Currently, Be Mate apartments are available in major cities, including London, New York, and Barcelona.

Additional markets where Room Mate already has hotels are under consideration, as well as cities where the chain expects to have a presence in future, such as Paris, London or Rome.

The group claims to have about 10’000 apartments in the network already, but only 100 to 200 per locations seem to be available on any specific date.

While about 80% of the apartments offered for rent are also listed on Airbnb, Be Mate has its own booking site, which charges property owners 15% and the guest 5%. (This can be compared to Airbnb which charges guests 6% to 12% and owners a minimum 3% for booking.)

Be Mate Apartments

Hotel services on tap

Besides the assurance of staying in apartments that have been subjected to some relatively strict selection criteria, guests also benefit from basic hotel services like 24-hour check-in, check-out and luggage handling.

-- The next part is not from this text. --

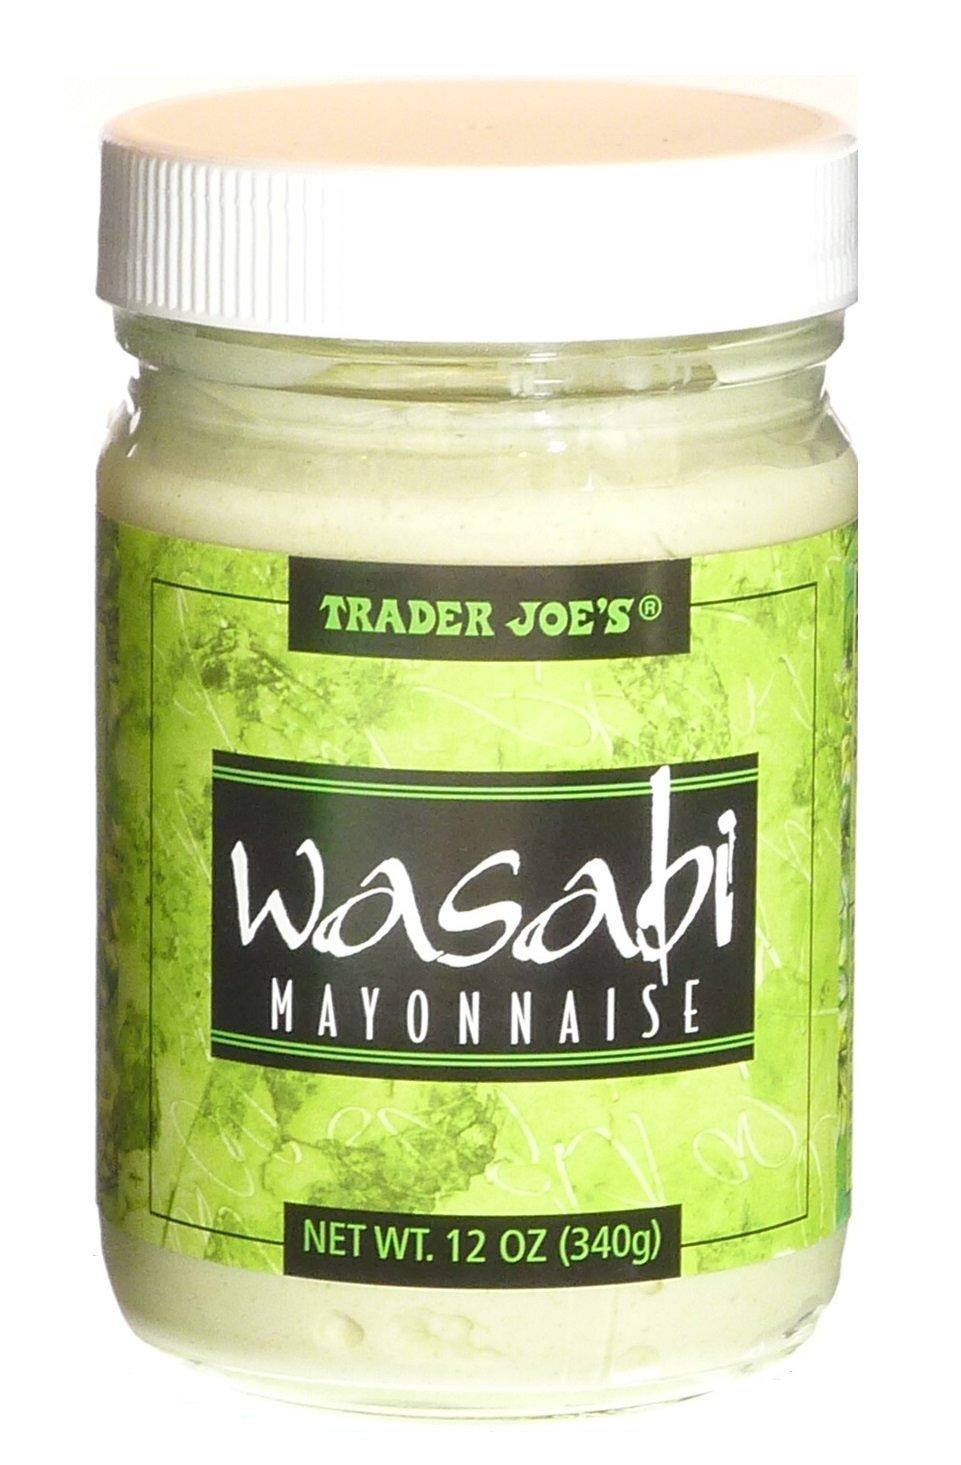 Wasabi Mayonnaise Sauce Joe's Wasabi Mayonnaise

Additional services can be ordered and paid extra, such as daily room service, airport transfers and catering.

Also, the chain's WiMate device provides clients with 3G connection to mobile devices or laptops anywhere in the city and is free of charge.

The way forward?

It's too early to tell whether Be Mate's business model will be a roaring success or not.

But so far, the chain's seems to offer the best example of a fusion between standard hotel services and the new 'sharing economy'.

In any case, it's likely that the big international chains will move progressively to integrate alternative accommodation possibilities into their repertoire, as AccorHotels has already done to a certain extent.